The invention discloses a twin network small target tracking method based on multi-scale feature fusion.A multi-scale fusion feature module and an optimized twin neural network comprehensively consider the accurate position of a target in favor of a low layer in a deep neural network structure, the advantage that a high layer can capture semantic information of the target is taken into consideration, the problem that the information of the small target is abandoned by convolution operation of a deep network is avoided by fully utilizing information of a bottom layer through effective fusion of different layers, the small target challenge in the tracking process is solved, and therefore a good tracking effect is realized.

Description

Twin network small target tracking method based on multi-scale feature fusion
Technical Field
The invention relates to a visual identification technology, in particular to a twin network small target tracking method based on multi-scale feature fusion.
Background
Moving object tracking means that after position information of an object of interest of a first frame of a given video sequence is given, a tracker can continuously accurately track the object in real time in a subsequent sequence and return the position information. In recent years, theoretical methods for target tracking have been developed rapidly, which is an important research direction in the field of computer vision, and have been successfully applied to a plurality of fields such as video surveillance, unmanned driving, semantic segmentation, and the like. The development of tracking problems is greatly promoted by the emergence of deep learning methods, but the small target tracking problem is still a very large challenge, and particularly how to accurately track small targets in real time in a complex context is a key research problem.

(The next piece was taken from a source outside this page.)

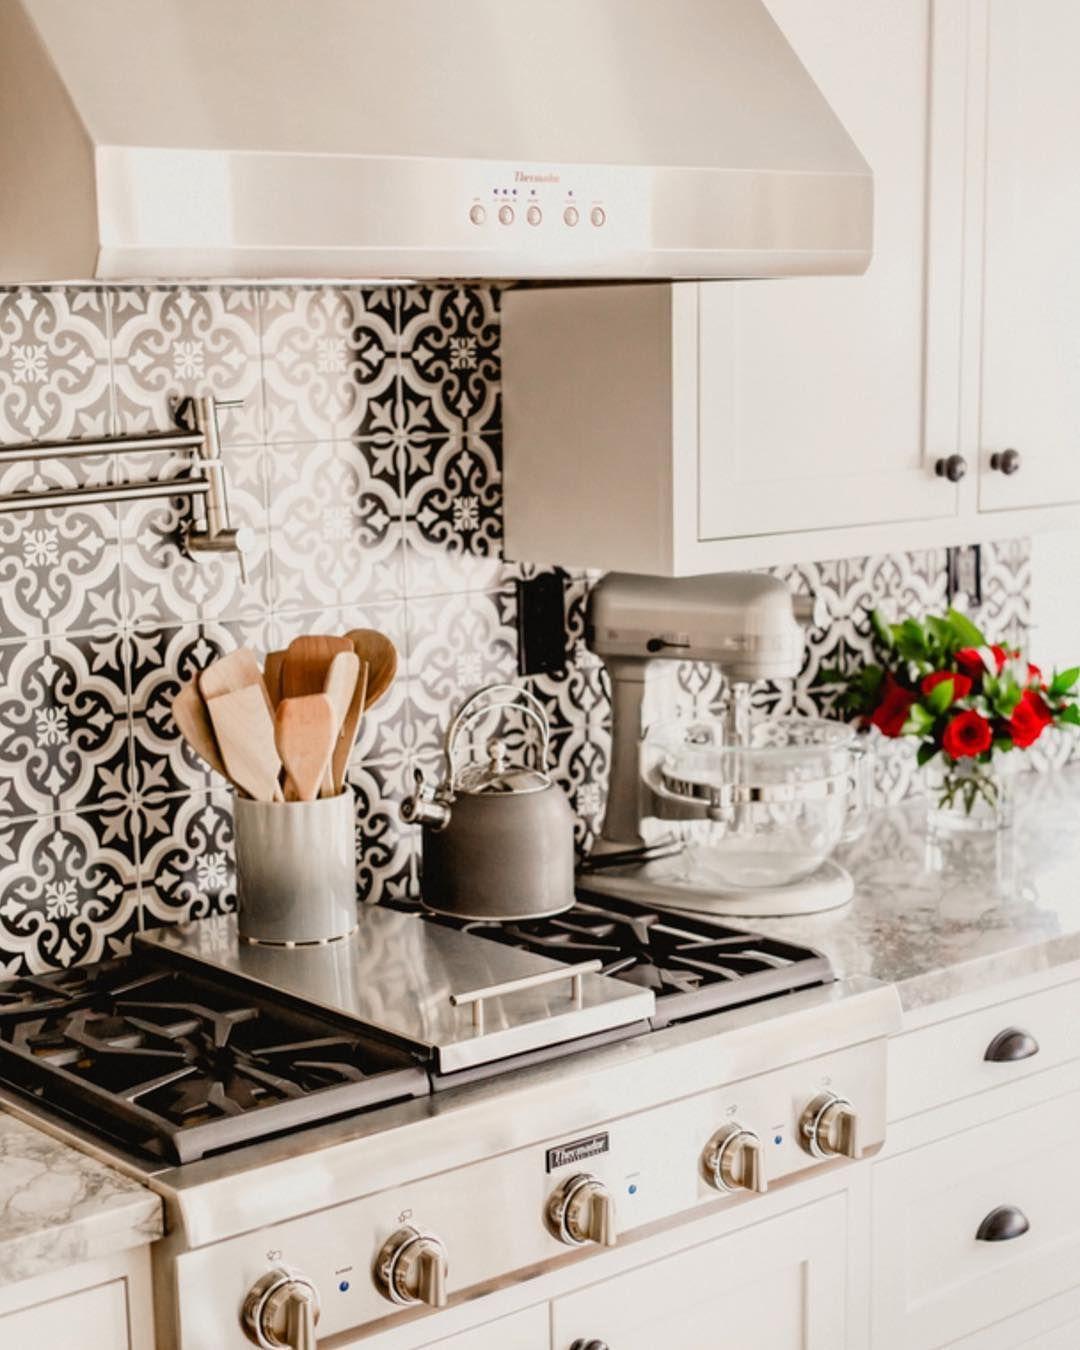 Pin By Autumn Allen On Cozy Cottage Kitchens Kitchen Backsplash Designs Modern Kitchen Tiles Modern Farmhouse Kitchen Backsplash

At present, the challenges of small target tracking are mainly derived from two aspects: the characteristics of the small target object are very difficult to acquire along with the increase of the depth of the neural network, so that the characteristic acquisition is difficult to represent. On the other hand, during tracking, small objects tend to drift suddenly and substantially compared to normal sized objects due to lens jitter. Current research focuses only on the tracking results of normal-sized target objects on a generic data set, but ignores the small target tracking problem.
The existing small target tracking algorithm is based on the traditional machine learning algorithm, and has great limitation in precision improvement or tracking real-time performance, and the deep neural network can extract high-level semantic information due to the deeper network layer number so as to better express characteristics, but for small target objects, the position information of the small target can be gradually lost by the continuous convolution operation along with the deepening of the network layer number.
Therefore, by utilizing the deep neural network structure of the twin network, the small target object tracking with real-time performance and robustness under complex scenes and environments can be realized by fusing complementary feature information of different network layers from the perspective of multi-scale feature fusion, but the application of the existing twin network has the following problems: how to effectively fuse multi-scale features of different network layers, the existing deep neural network has fuzzy target positions, less semantic information and the like, and finally, the small target features are difficult to obtain.
Disclosure of Invention
The purpose of the invention is as follows: the invention aims to solve the defects in the prior art and provides a twin network small target tracking method based on multi-scale feature fusion.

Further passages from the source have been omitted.